Born to a Protestant family of the bourgeoisie in Gard, Émilien Dumas was immersed from his early childhood in an atmosphere of learning and erudition. His father, a former merchant involved in agriculture, was an educated man. The native flora of Gard provided him with his first field of study. From 1815 to 1824, he studied at Morges, Switzerland, then at Basel, where his passion for the natural sciences matured. He returned to his homeland in 1824 following the death of his mother.
Embarking on a career in the sciences, he went to Paris and studied at the Collège de France, the Ecole des Mines de Paris and the Muséum national d'histoire naturelle, and with Georges Cuvier, Étienne Geoffroy Saint-Hilaire, and Adrien-Henri de Jussieu.
His education in the natural sciences was well rounded, and he threw himself with equal passion into Zoology, Mineralogy, and Botany, as well as engaging in the contemporary debate over Lamarckism.
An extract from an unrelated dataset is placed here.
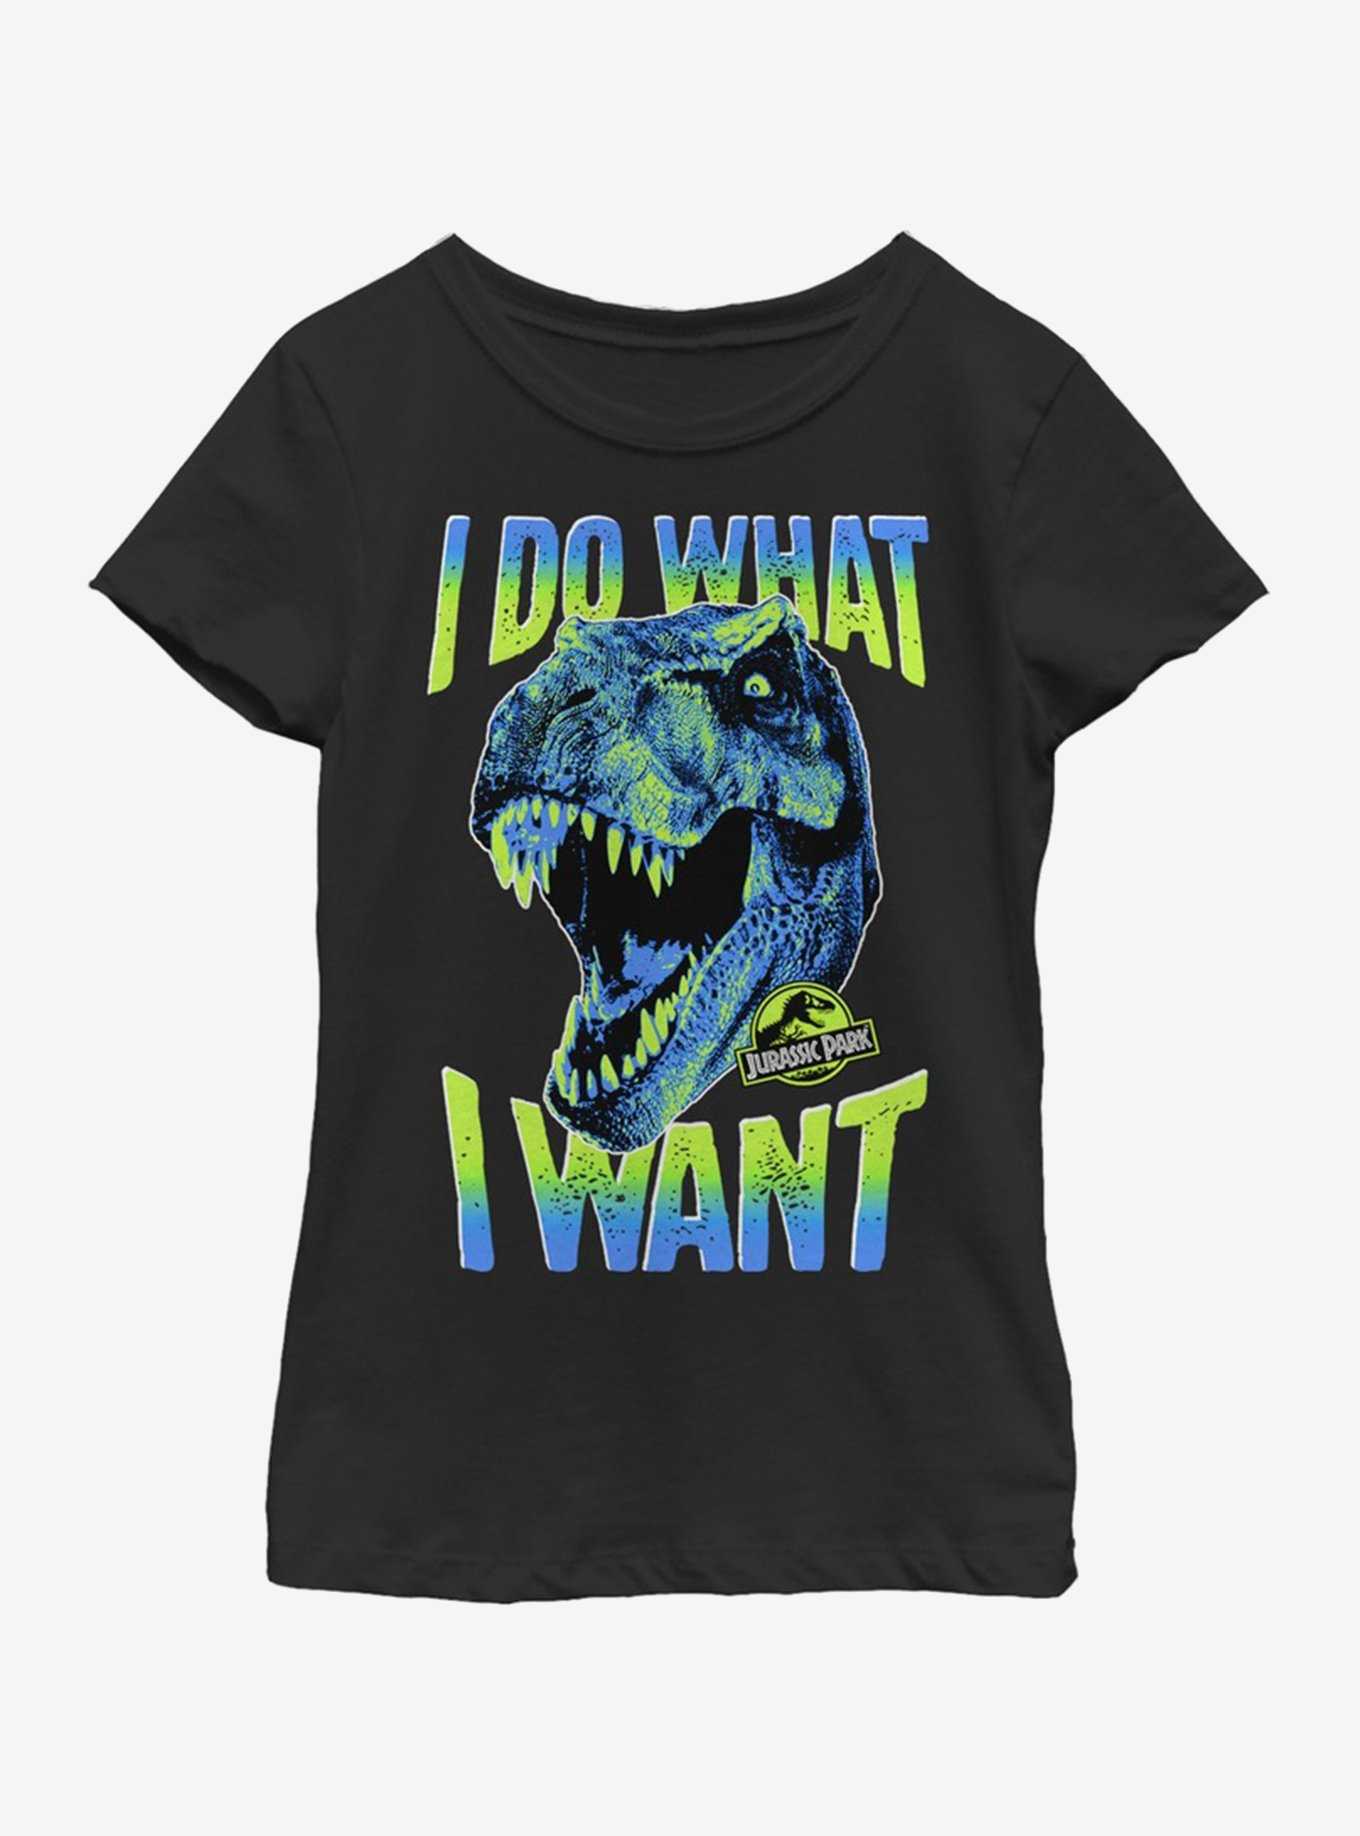 Jurassic Park What I Want Youth Girls T-Shirt, , hi-res

In 1828, he returned to Sommières, where he married Pauline Borel, a wealthy heiress from Orange, and daughter of a silk manufacturer. The same year, he unveiled a rich paleontological dig site at Pondres (Gard) whose human and animal remains fueled Lamarckist arguments, particularly in the field of Archaeozoology
He surveyed his region with great patience and tenacity over a period of 20 years, to produce a geological map of the département of Gard. During a long voyage in the 1860s he studied the geography of southern Europe. As an avid collector, he cultivated his curiosity throughout his life, and the Natural History Museum at Nîmes now preserves a large part of his numerous collections spanning the fields of Greek antiquities, botany, and geology.
The missing piece in this portrait of the "Explorer of Gard" is his taste for theater and acting. He was a willing participant as well as observer, which was considered by his contemporaries as incompatible with his role as a scientist.
He died on September 21, 1870, in Ax-sur-Ariège.